As a large proportion of the trade of Sind is carried on direct with foreign countries through the port of Karachi, it is usually treated separately in the official statistics of imports and exports. The first section of this report is therefore intended to cover the trade of the Bombay Presidency proper, and does not include the Province of Sind nor the settlement of Aden, Arabia.

AGRICULTURE AND OTHER INDUSTRIES.

Considerably more than half of the population of the Presidency is engaged in agriculture. The principal crops are jawar and bajra, or Indian millet, which after rice constitutes the principal article of food among the natives, and wheat, rice, oilseeds, and cotton.

The area under cotton in the season of 1914-15 was 6,953,000 acres, and the production as estimated by the Department of Commercial Intelligence of the Government of India was 1,544,000 bales of 400 pounds each. In 1915-16 approximately 30 per cent of the total area under cotton in India was in the Bombay Presidency, and the cultivation, picking, ginning, pressing, manufacture, and export of the staple furnish one of the most important means of livelihood among the people. The city of Bombay is the center of the cotton trade, as Calcutta is the center of the jute trade of India. The staple is grown more or less throughout the Presidency, but the most important districts for its cultivation are Kathiawar, Ahmedabad, Broach, Surat, and Khandesh.in the northern and central districts, and Belgaum, Bijapur, and Dharwar in the south and east. Some of the finest Indian cotton is produced in Broach and Surat, and in December, 1916, the best quality of this cotton was selling in Bombay at 412 rupees per candy of 784 pounds; this is equivalent to 17.03 cents per pound. It has proven satisfactory for spinning up to 30s and even 40s yarn.

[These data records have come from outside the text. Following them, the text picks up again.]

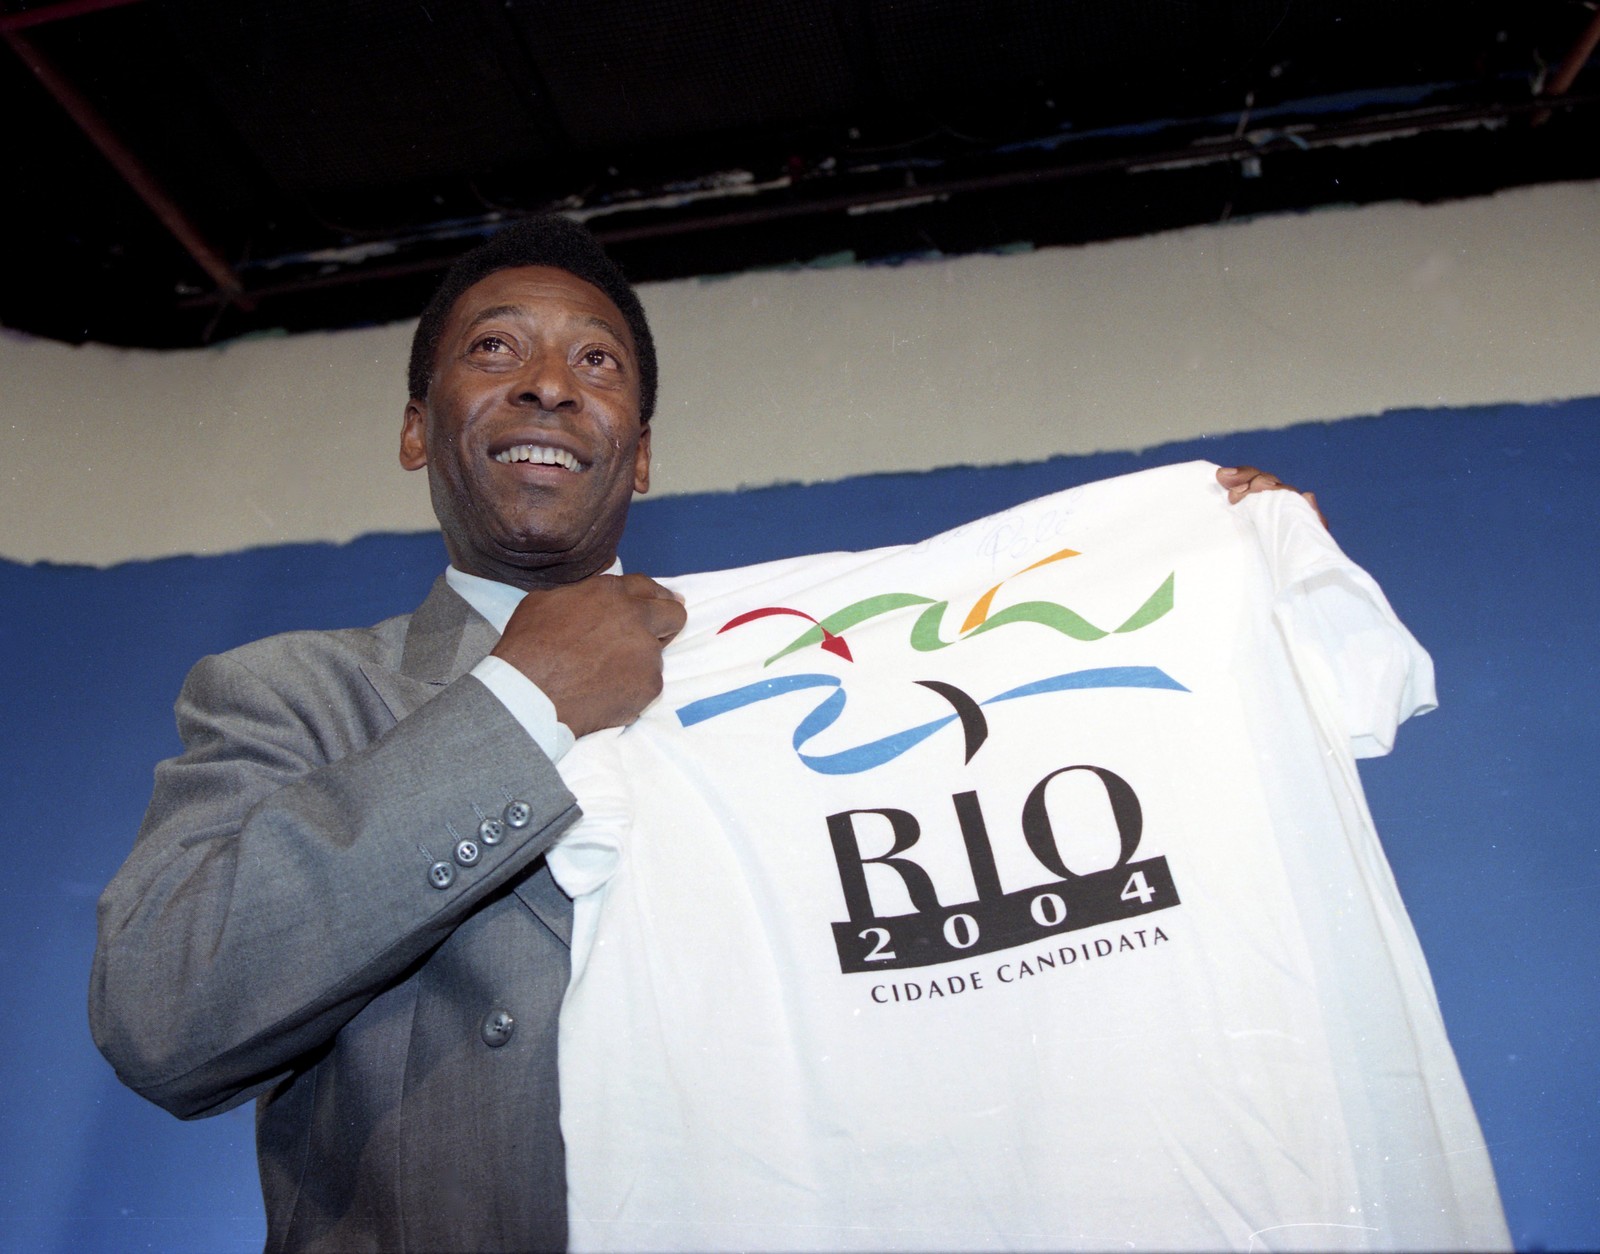 Pelé grava participação em filme para promover a Rio 2004, quando o Rio se candidatou às OlimpíadasJulio César Guimarães / Agência O Globo - 04/11/1996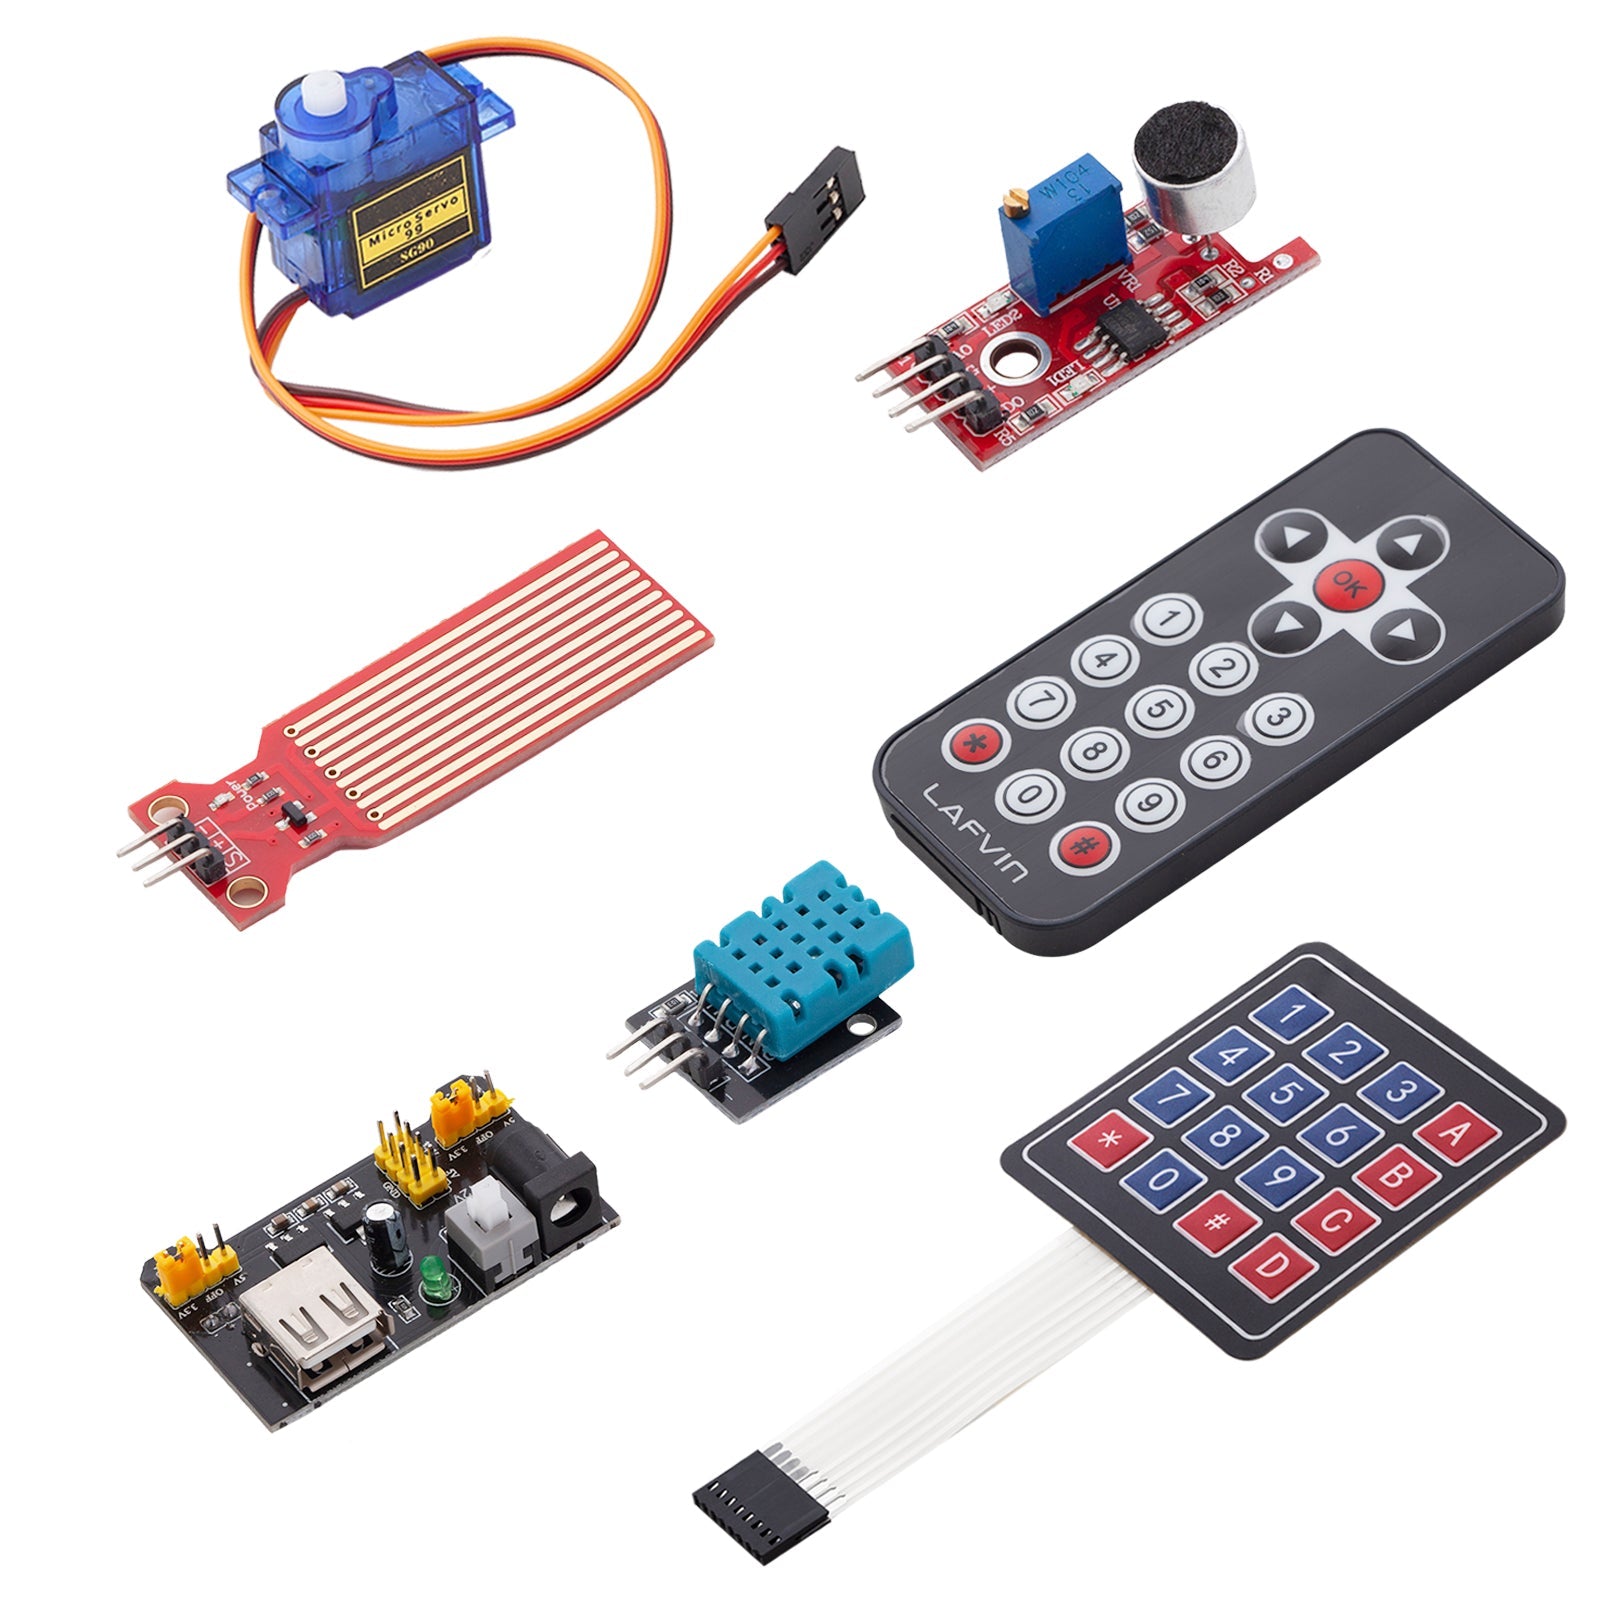 Kit de démarrage pour programmation Arduino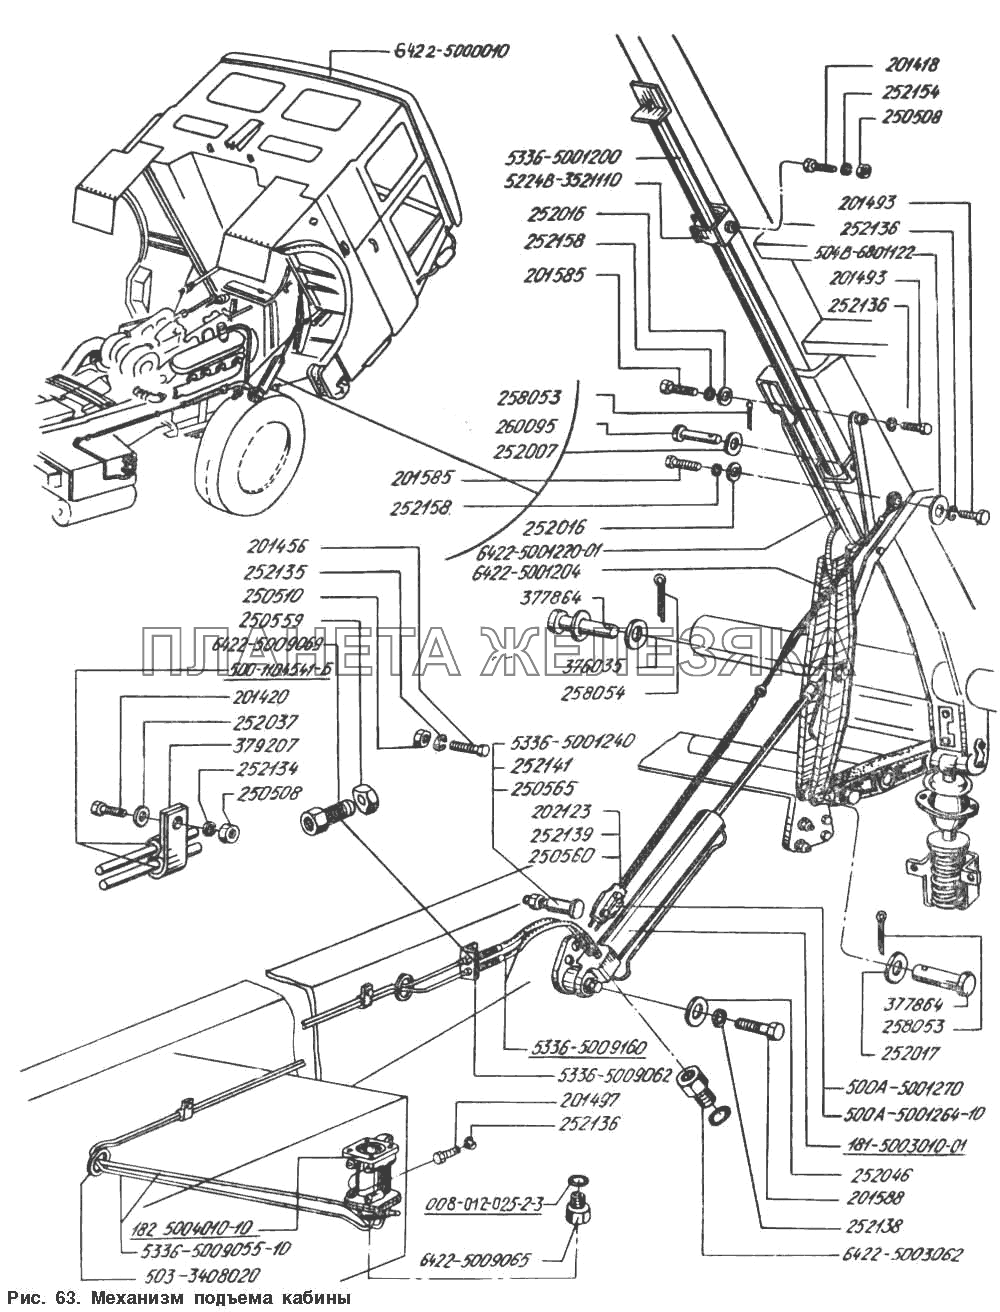 Механизм подъема кабины МАЗ-54328

A considerable part of the cotton grown in the Presidency is consumed by the local mills, but there is also a large export. Shipments to foreign countries consist of cotton grown in the Bombay Presidency and other parts of India. In the year ended March 31, 1915, the total quantity exported was 7,763,701 hundredweight (hundredweight=112 pounds), valued at 249,669,649 rupees ($81,001,157). Shipments to Japan amounted to 4,052,492 hundredweight, or more than 50 per cent of the total. Exports in the same year to Italy were 842,563 hundredweight; to Germany (before the outbreak of the war), 720,190 hundredweight; to Belgium, 498,334 hundredweight; to France, 442,407 hundredweight; to the United Kingdom, 373,455 hundredweight; to Austria-Hungary, 367,563 hundredweight.

MANUFACTURE OF COTTON.

The principal industries of the Presidency are those connected with cotton, including ginning, pressing, spinning, weaving, and dyeing factories. In 1915 there were in operation 428 ginning, cleaning, and pressing mills, and 184 spinning and weaving mills. The latter contained 4,803,932 spindles and 85,388 looms, and the average number of operatives employed daily was 183,701. In the whole of India there were 6,848,744 spindles and 108,009 looms. In 1905 there were 140 mills with 3,504,502 spindles and 32,950 looms in the Presidency. In the year ended March 31, 1916, the production of the mills amounted to 509,770,810 pounds of yarn (chiefly 6s, 7s, 10s, 11s, 12s, 14s, 16s, 18s, 20s, 218, 22s, 24s, and 30s), and 287,487,309 pounds (equivalent to more than 1,250,000,000 yards) of cloth, principally grey chadars, dhooties, shirtings, T cloth, and domestics and colored goods. These figures are sufficient to indicate the importance of the textile industry in Bombay.